Na véspera, o dólar fechou em queda de 1%, vendido a R$ 4,2158 – um pequeno alívio na cotação após três recordes de alta seguidos. No entanto, no mês ainda há alta acumulada de 5,14%. No ano, o avanço é de 8,82%.Variação do dólar em 2019Diferença entre o dólar turismo e o comercial, considerando valor de fechamento.

BC muda estratégia de atuação

A disparada da moeda nesta semana foi desencadeada por comentários do ministro da Economia, Paulo Guedes, que afirmou que a alta do dólar pode permanecer por algum tempo. Depois da fala do ministro, os mercados começaram a forçar o patamar da moeda, em busca de sinais dos limites de intervenção do Banco Central. O BC respondeu, promovendo leilões extraordinários para atenuar os problemas de liquidez.

Entre terça e quarta, o BC realizou três ofertas líquidas de dólar à vista, informando as operações no decorrer do pregão. Mas ao final da quarta-feira, o BC anunciou estratégia diferente ao anunciar oferta líquida de até US$ 1 bilhão em moeda à vista para o pregão desta quinta-feira, em tentativa de melhorar a previsibilidade ao mercado e ajudar a acalmar a cotação do dólar.

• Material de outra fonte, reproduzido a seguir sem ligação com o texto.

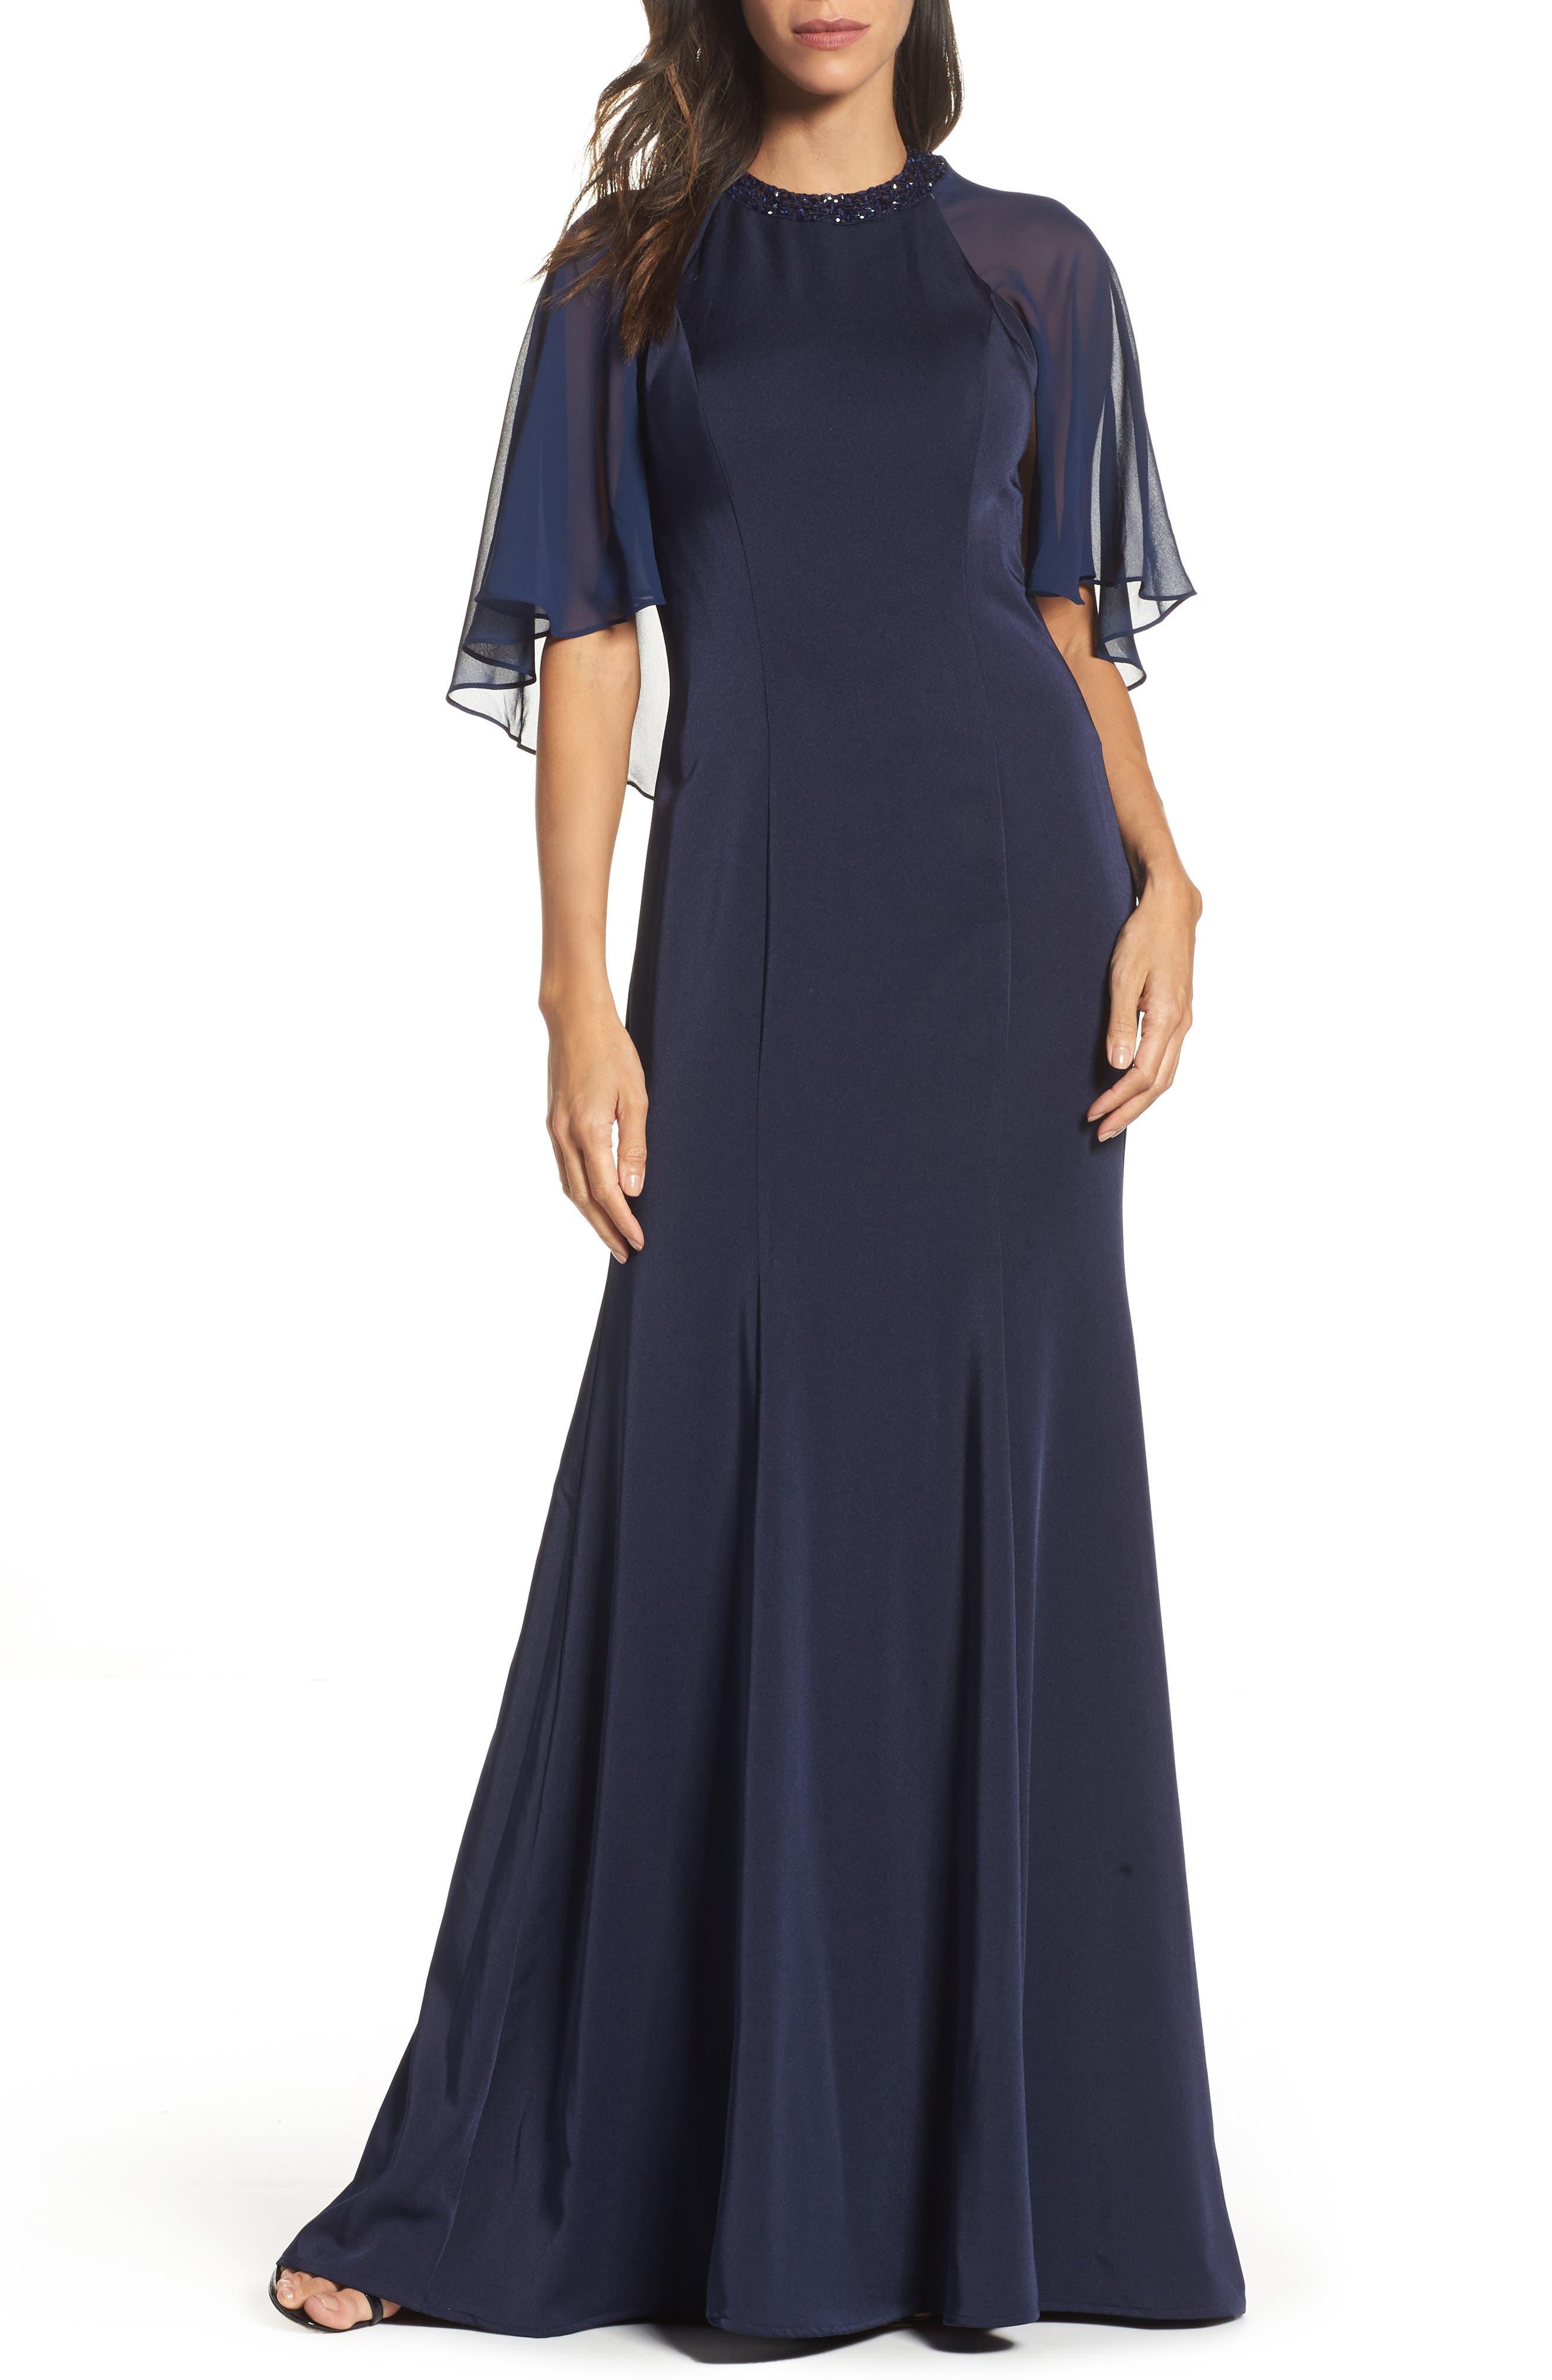 Cape Illusion Gown,                             Main thumbnail 1, color,                             NAVY

Com os quatro leilões realizados desde terça-feira, o BC “demonstrou que está preocupado com o nível e a dinâmica do câmbio”, disse ao Valor Online Roberto Campos, sócio e gestor da Absolute Investimentos. “Até agora conseguiu equilibrar o jogo, mas também não veio com um volume muito grande para tentar segurá-lo.

Ele avalia que o risco dessa estratégia, caso prolongada, é de ameaçar o corte de 0,50 ponto porcentual da taxa básica de juros (Selic), esperada para dezembro.

O que explica a alta recente

A alta do dólar tem como pano de fundo também a preocupação com a desaceleração da economia mundial e as incertezas em torno das negociações comerciais entre a China e os Estados Unidos para colocar fim à guerra comercial que se arrasta desde o começo de 2018.

Preocupações com o movimento de saída de dólares do país, que enfraquece o câmbio, também contribuem para a desvalorização do real.

Além disso, também influenciam a maior tensão social em diversos países na América Latina, além do corte dos juros no Brasil, o que também contribui para manter afastado um fluxo maior de capital externo para o mercado brasileiro.